Heart failure and cirrhosis are also a common cause of distension. In both of these disorders, fluid accumulates in the abdomen and creates a sensation of fullness. Abdominal distension can also be a symptom of ovarian cancer. Women are more prone to bloating and often identify these symptoms during menstruation. Some individuals who develop distension may have either poor motility of their intestines or may be hypersensitive to gut sensations. Certain medications, such as antidepressants and anti-spasmodics, can contribute to reduced gut motility. Studies have shown that swallowing air during eating or delayed emptying of the stomach from hyperacidity leads to bloating after a meal. Individuals who are constipated also complain of bloating. In some individuals who are hypersensitive, any volume of air may be perceived as fullness and there may not be actual abdominal distension.

Abdominal distension (or "distended abdomen") can be a sign of many other conditions, including:
- Ascites
- Capillaria philippinensis
- Celiac disease
- Coccidiosis
- Cystic fibrosis
- Diverticulitis
- Eosinophilic gastroenteritis
- Fasciolosis
- Gastroparesis
- Giardiasis
- Hookworm disease
- Inflammatory bowel disease (Crohn's disease and ulcerative colitis)
- Kidney stones
- Kwashiorkor
- Lactose intolerance
- Obstructed bowel
- Ovarian cancer
- Polycystic liver disease
- Pregnancy
- Premenstrual syndrome
- Pseudomonas aeruginosa infection
- Small bowel bacterial overgrowth syndrome
- Strongyloidiasis
- Tropical sprue
- Weight gain
- Whipple's disease
- Anterior pelvic tilt (lower cross syndrome)

Persistent or recurrent bloating may be caused by intestinal parasites, infections, or other medical conditions.

==Diagnosis==
The first step in diagnosis is to determine the etiology of abdominal distension. After making a differential diagnosis of abdominal distension, it is important to take a careful medical history.

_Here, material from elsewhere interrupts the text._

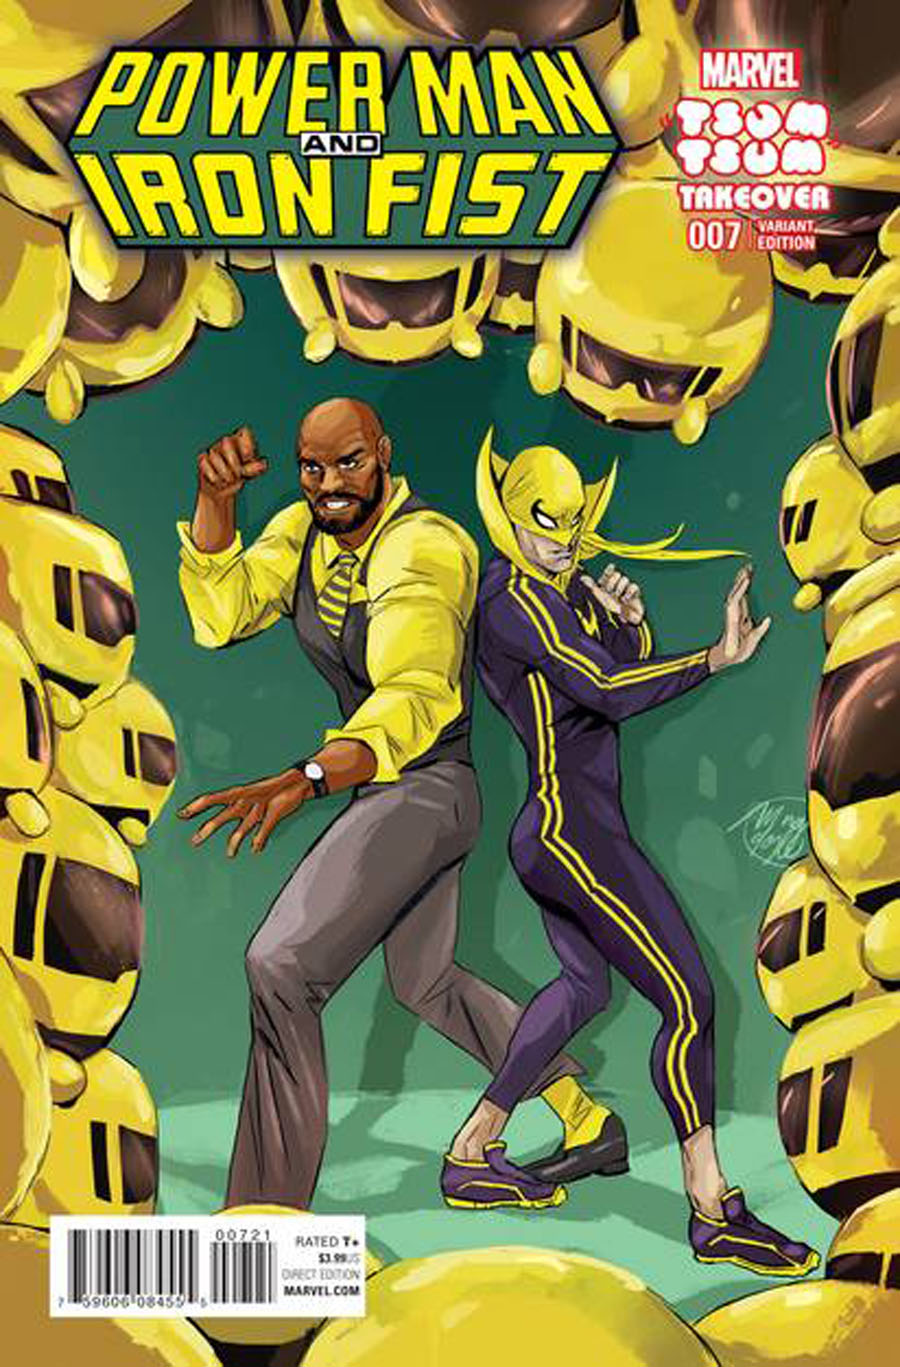 Power Man And Iron Fist Vol 3 #7 Cover B Variant Ming Doyle Marvel Tsum Tsum Takeover Cover (Civil War II Tie-In)

Here are the most common causes of abdominal distension classified as an underlying cause and as a secondary disease.

As an underlying disease cause:
- Constipation
- Lactose intolerance and other food intolerances
- Overeating (due to overproduction of gases in the digestion process)

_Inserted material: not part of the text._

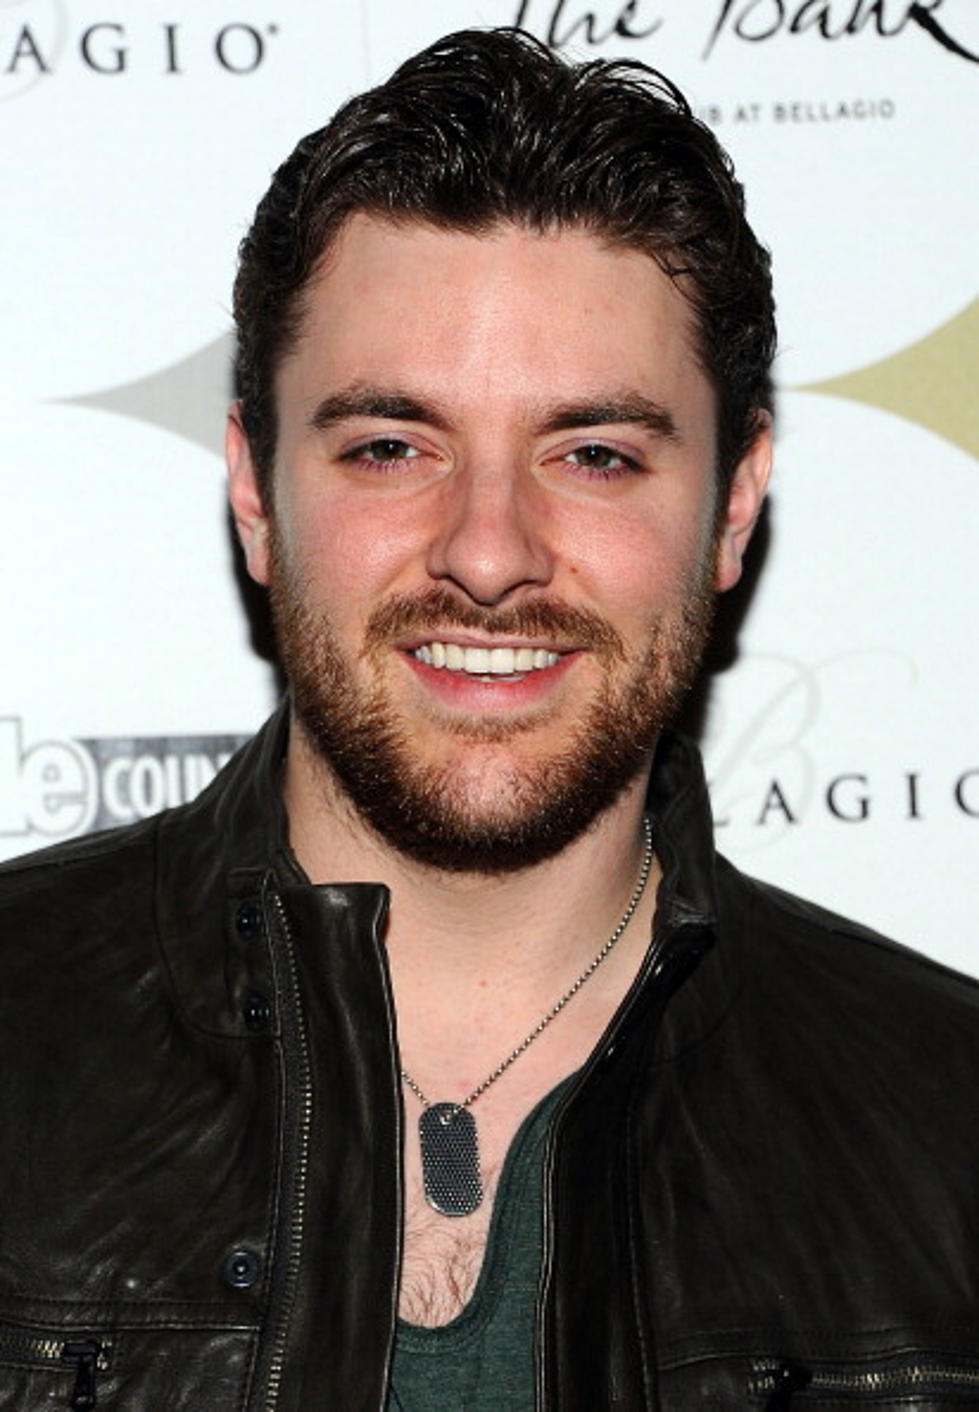 Chris Young “Tomorrow” New Music Video

As a secondary disease cause:
- Celiac disease
- GERD (gastroesophageal reflux disease)
- Peptic ulcer disease
- Accumulation of fluid in the peritoneal cavity (e.g., ascites)

==Treatment==
Bloating is not life-threatening. In most cases, bloating can be handled with simple home remedies and changes in lifestyle.

===Foods===
Certain foods have been known to worsen bloating. Poorly digested components of many foods are excreted into the large intestine where they are degraded by bacteria, producing excess gas. Depending on the undigested component, this may affect the odor and the volume of gas created.

Excess dietary fiber intake is a known cause of belching, gas and bloating. Many vegetables are known to cause bloating due to high levels of fiber and undigestible sugars such as raffinose (e.g., beans, cabbage, broccoli).

There are many individuals who are unable to tolerate dairy products because of lactose intolerance. Such foods should be eliminated from the diet if symptoms develop.

===Medications===
For some people, recurrent distension symptoms worsen their quality of life and thus many resort to health supplements or medications. Dietary supplements containing various enzymes, for example Beano, are formulated to help break down complex carbohydrates and vegetables in order to reduce substances in the gut that cause bacterial overgrowth and subsequent bloating. Though these enzymes can help reduce gas and belching, they may not always reduce bloating.

Other over-the-counter formulas recommended for bloating include simethicone and activated charcoal. Probiotics are also used to treat bloating based on the theory that improved gut flora will improve digestion and lessen gas generation.